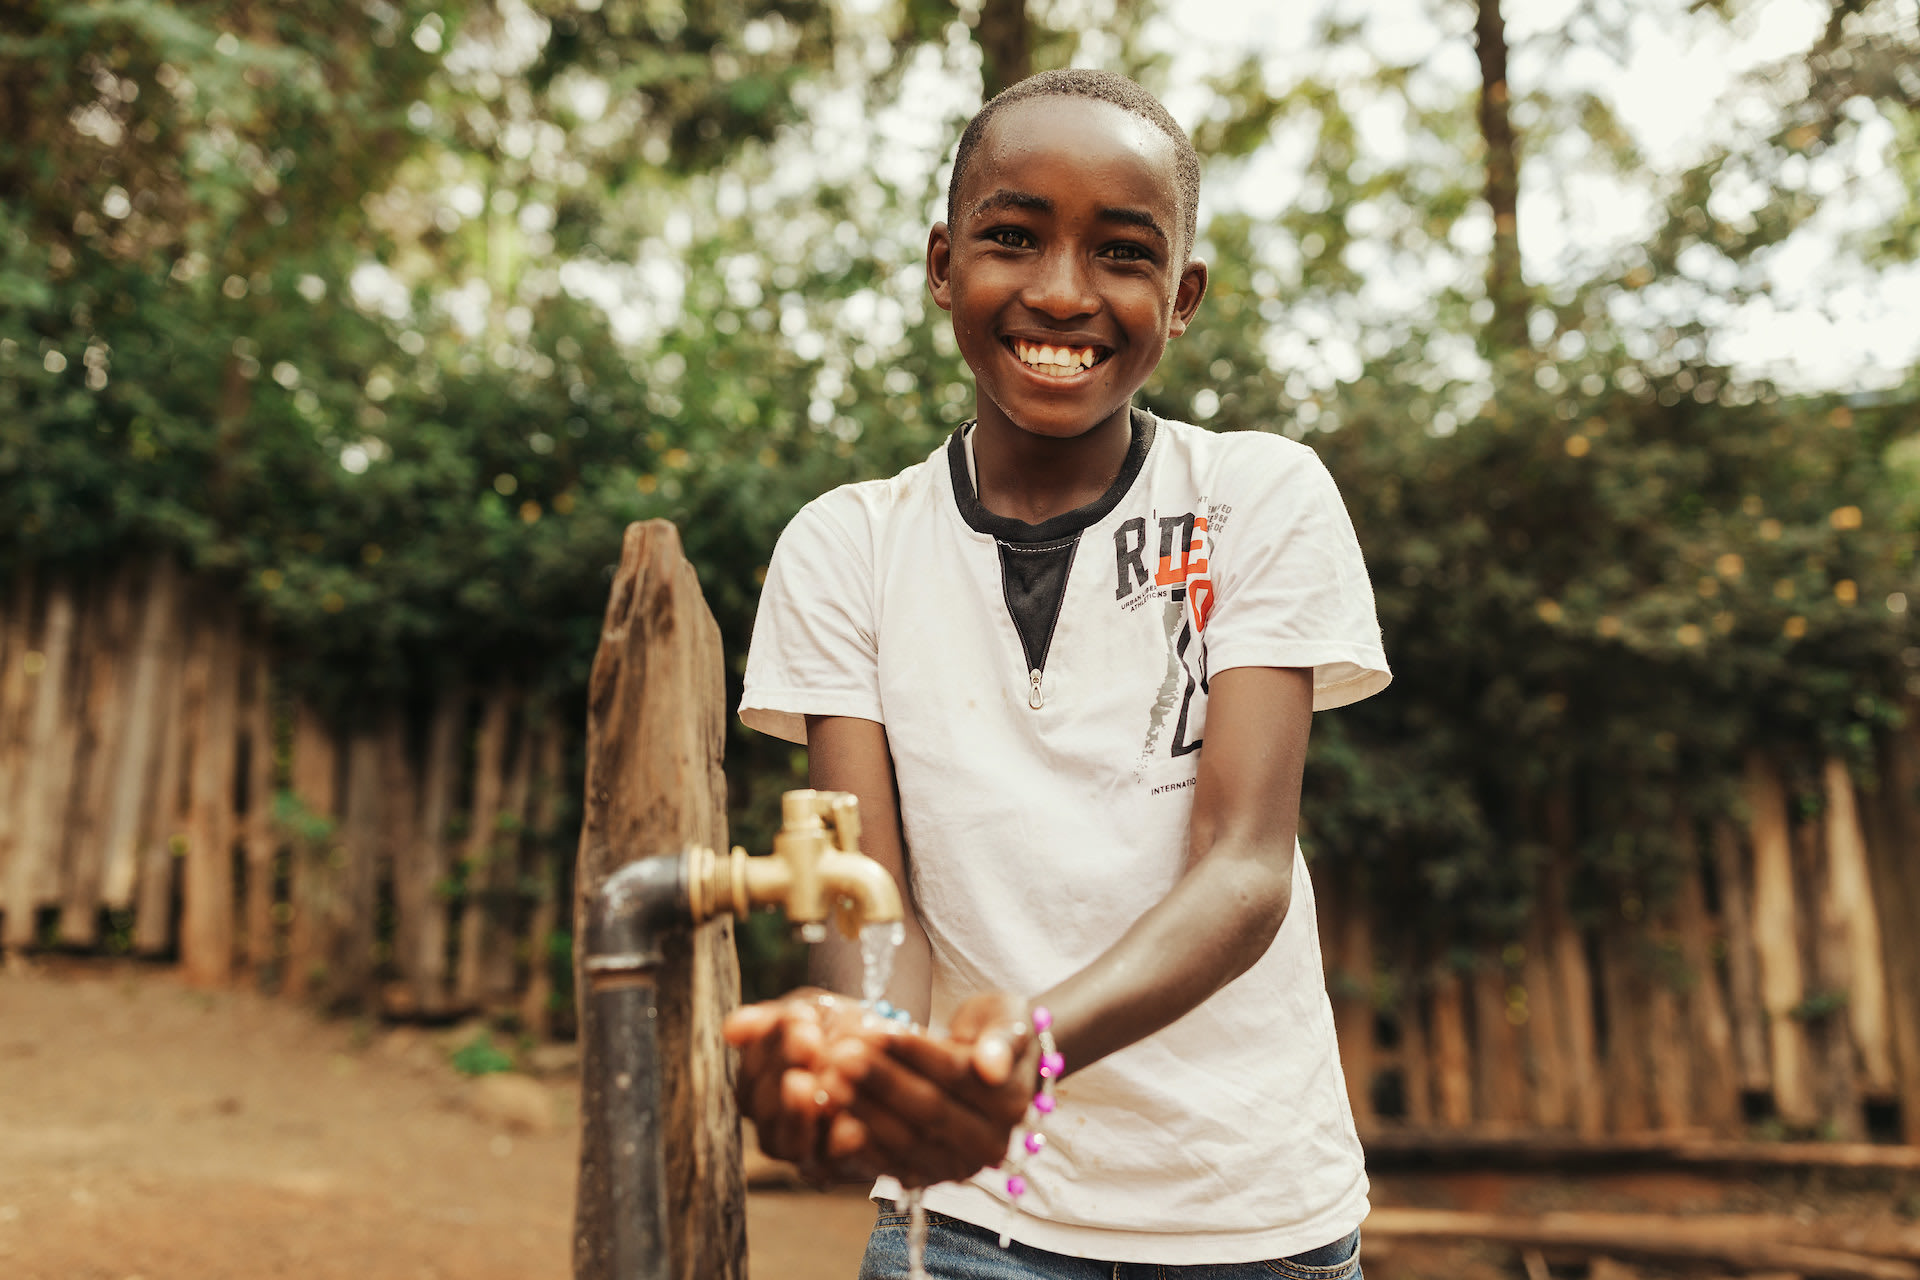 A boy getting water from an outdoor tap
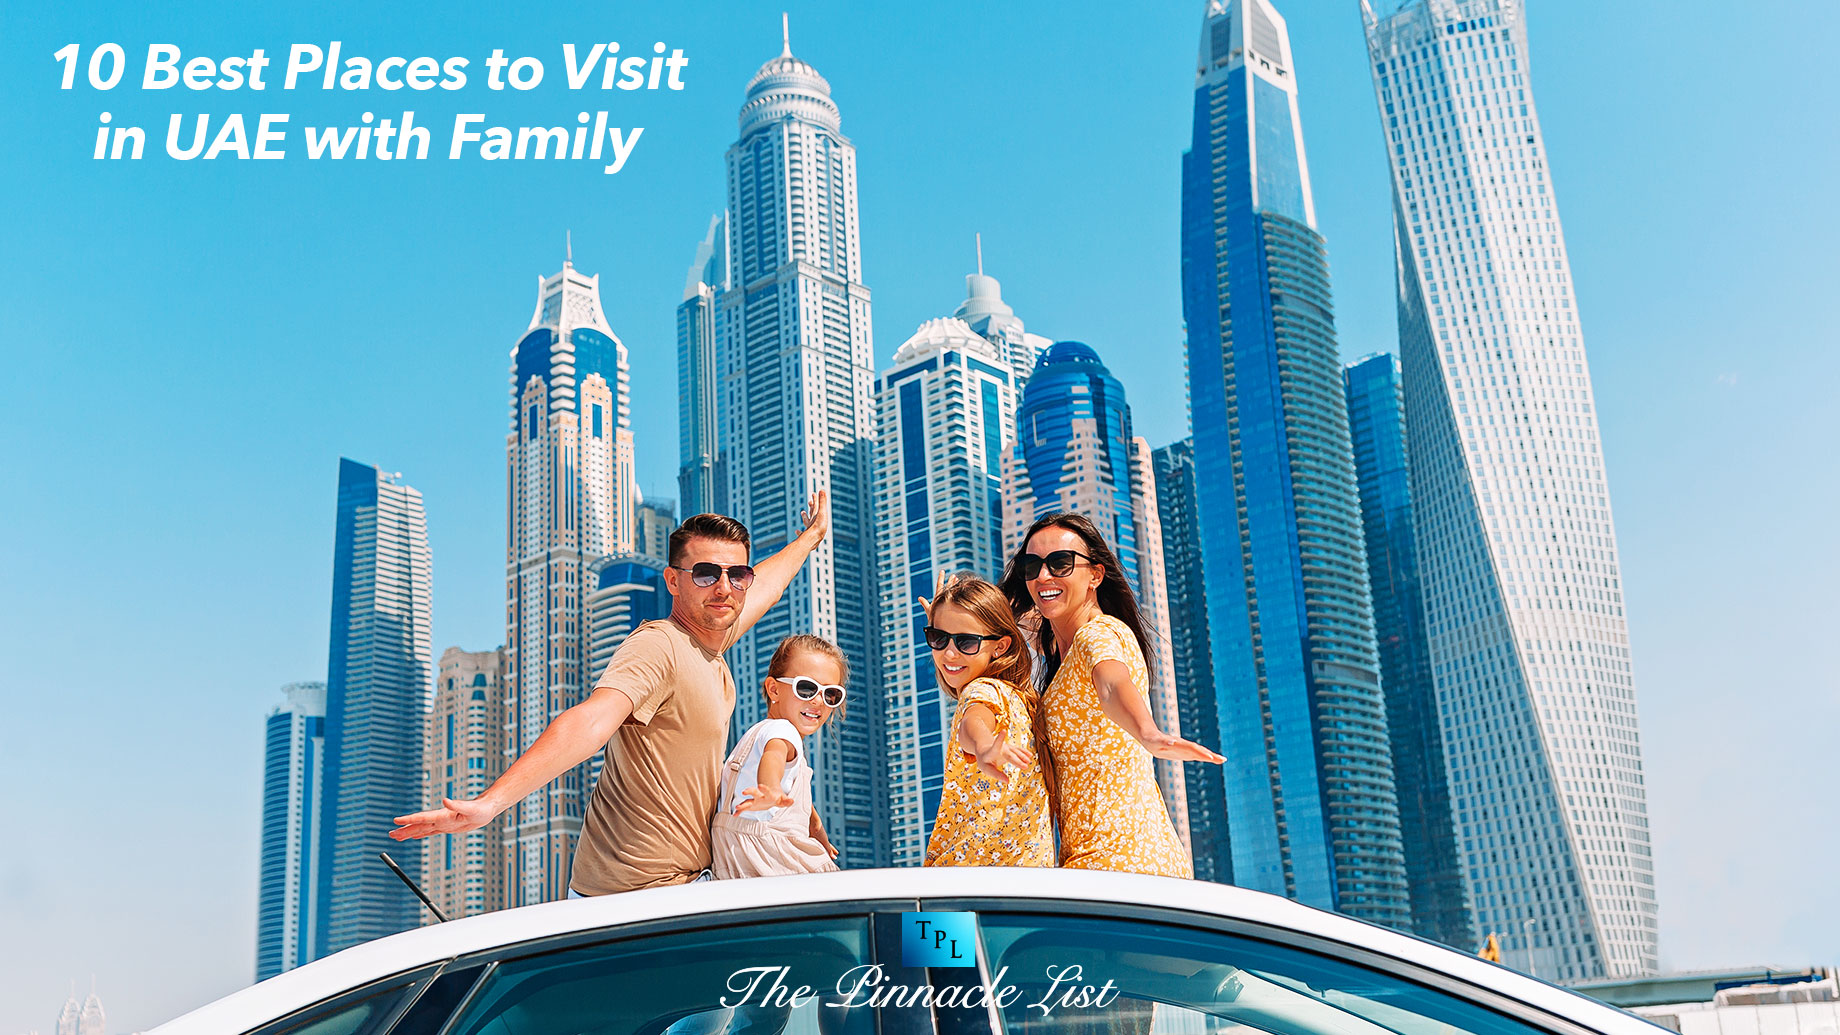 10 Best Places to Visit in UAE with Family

* * *

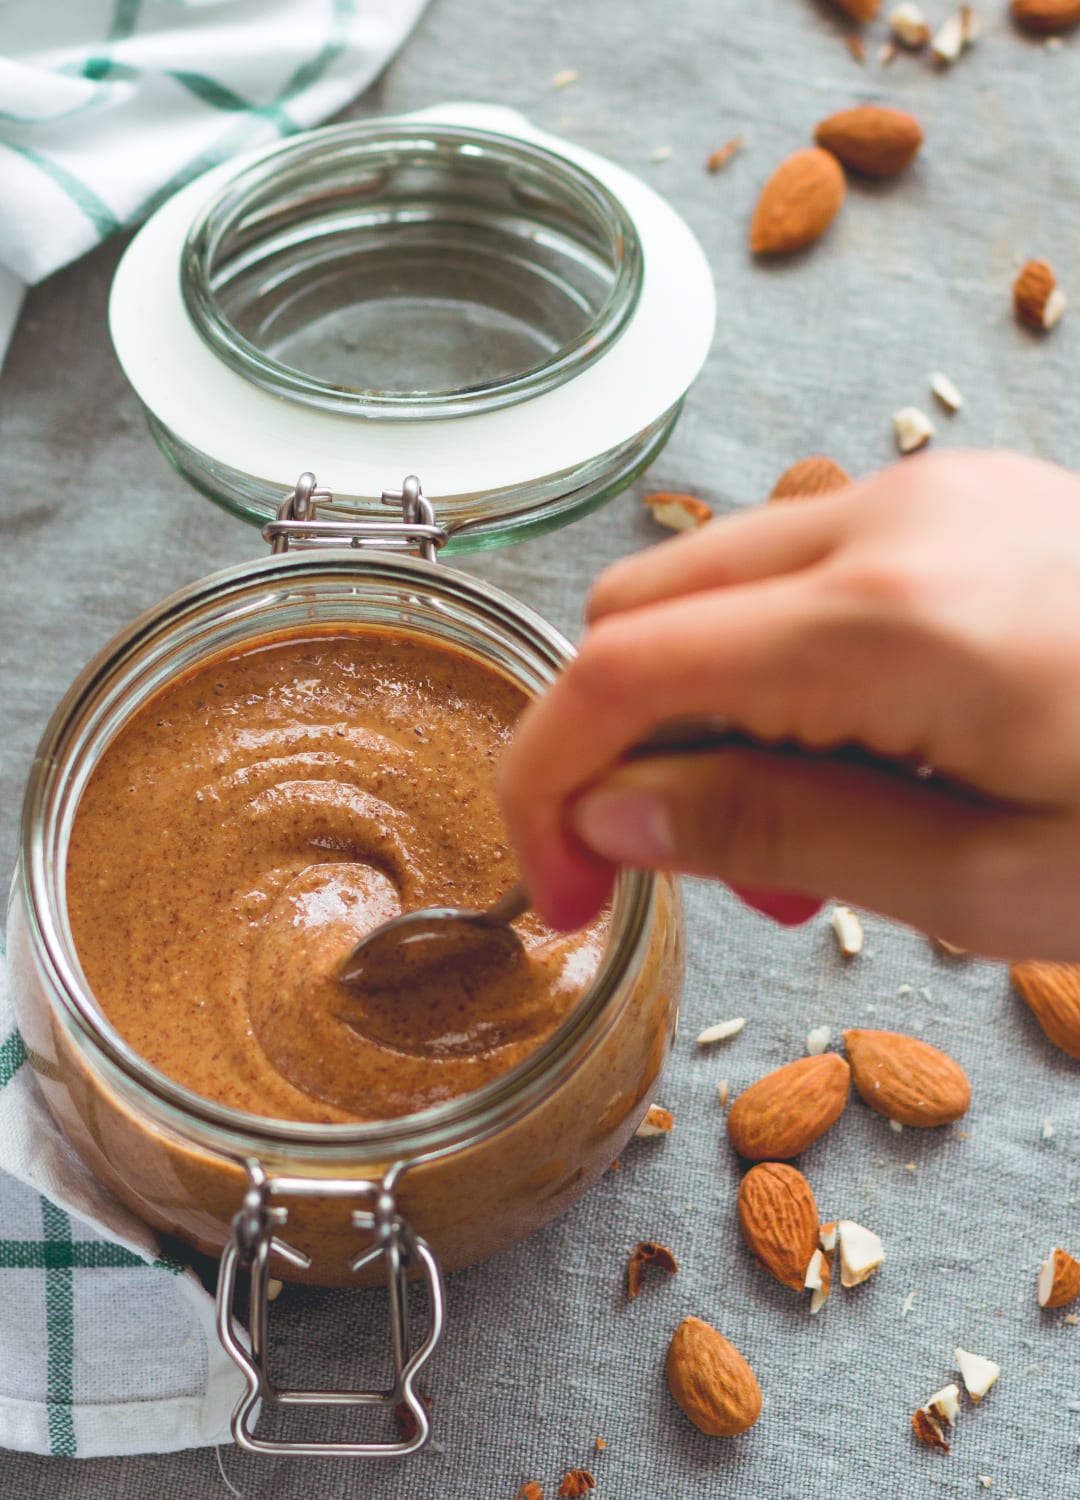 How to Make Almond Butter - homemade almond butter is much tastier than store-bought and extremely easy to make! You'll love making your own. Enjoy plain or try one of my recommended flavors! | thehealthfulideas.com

## Instructions for the task
Working from the data above, repeat exactly, and only, the lines that begin at the line containing "A boy getting water from an outdoor tap" and stop after the line containing "10 Best Places to Visit in UAE with Family"; pictures are not copied.

## Written reply
 A boy getting water from an outdoor tap
 10 Best Places to Visit in UAE with Family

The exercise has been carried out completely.